Configuration Reload Failed

- alert: OpenGSLBConfigReloadFailed
  expr: increase(opengslb_config_reloads_total{result="failure"}[5m]) > 0
  for: 0m
  labels:
    severity: warning
  annotations:
    summary: "OpenGSLB configuration reload failed"
    description: "A configuration reload attempt failed.
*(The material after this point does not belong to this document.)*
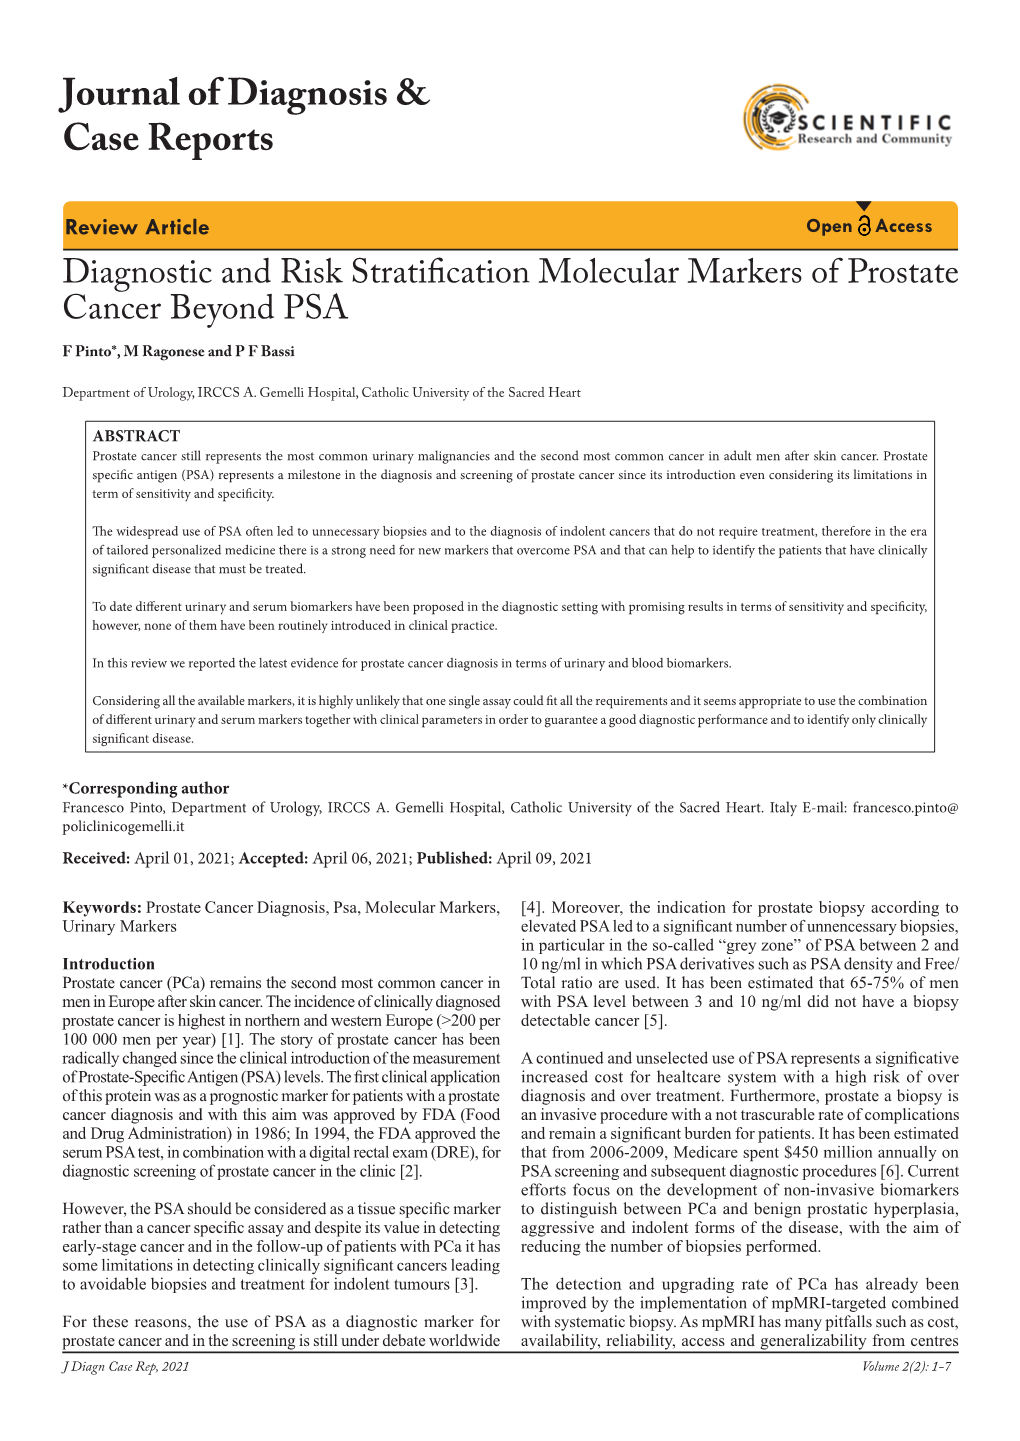 View Article Open Access Diagnostic and Risk Stratification Molecular Markers of Prostate Cancer Beyond PSA F Pinto*, M Ragonese and P F Bassi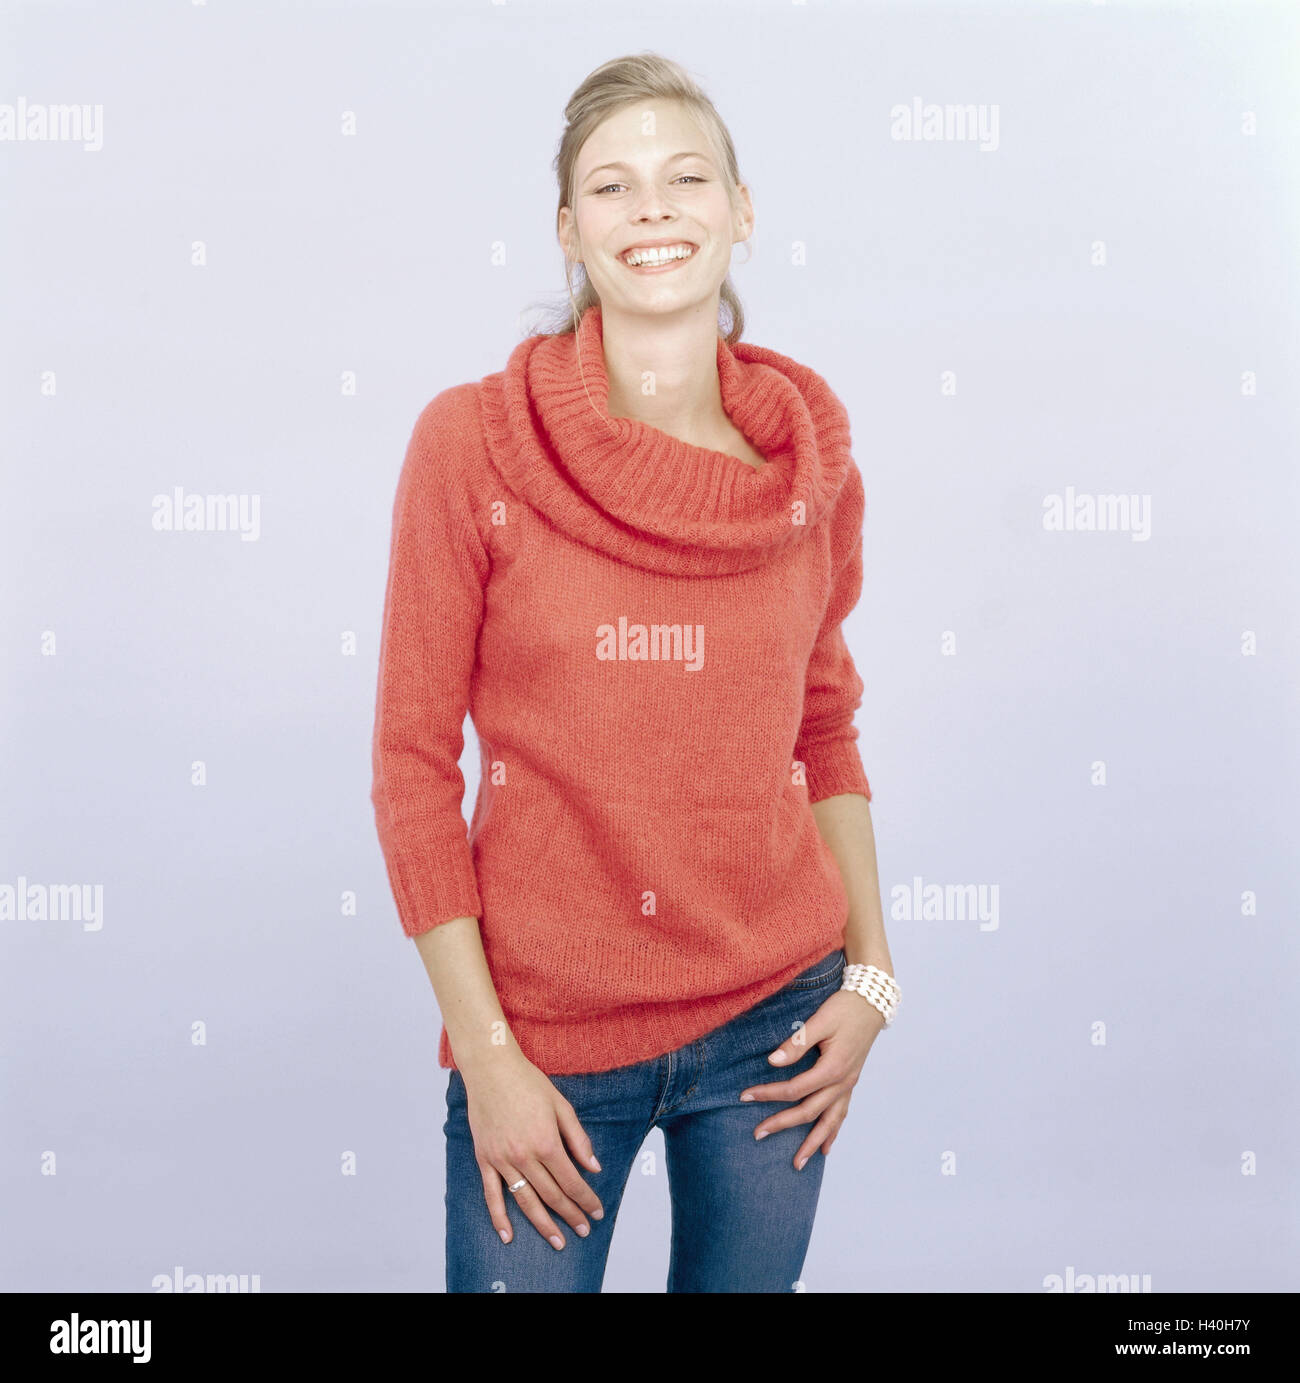 Youthfully, blond, view camera, smile, curled freely for Großflächenplakatierung 16-20 years, 20-30 years, woman, young, long-haired, hairs tied together, jeans, pullovers orange, knitted pullover, naturalness, do not stand, friendly, balance, happy, joy, Stock Photo

Check logs for details."

Failover Active

- alert: OpenGSLBFailoverActive
  expr: |
    opengslb_healthy_servers{region="primary"} == 0 
    and opengslb_healthy_servers{region="secondary"} > 0
  for: 1m
  labels:
    severity: warning
  annotations:
    summary: "OpenGSLB failover active - primary region has no healthy servers"

Low Healthy Server Ratio

- alert: OpenGSLBLowHealthyRatio
  expr: |
    opengslb_healthy_servers / opengslb_configured_servers < 0.5
  for: 5m
  labels:
    severity: warning
  annotations:
    summary: "Less than 50% of servers are healthy"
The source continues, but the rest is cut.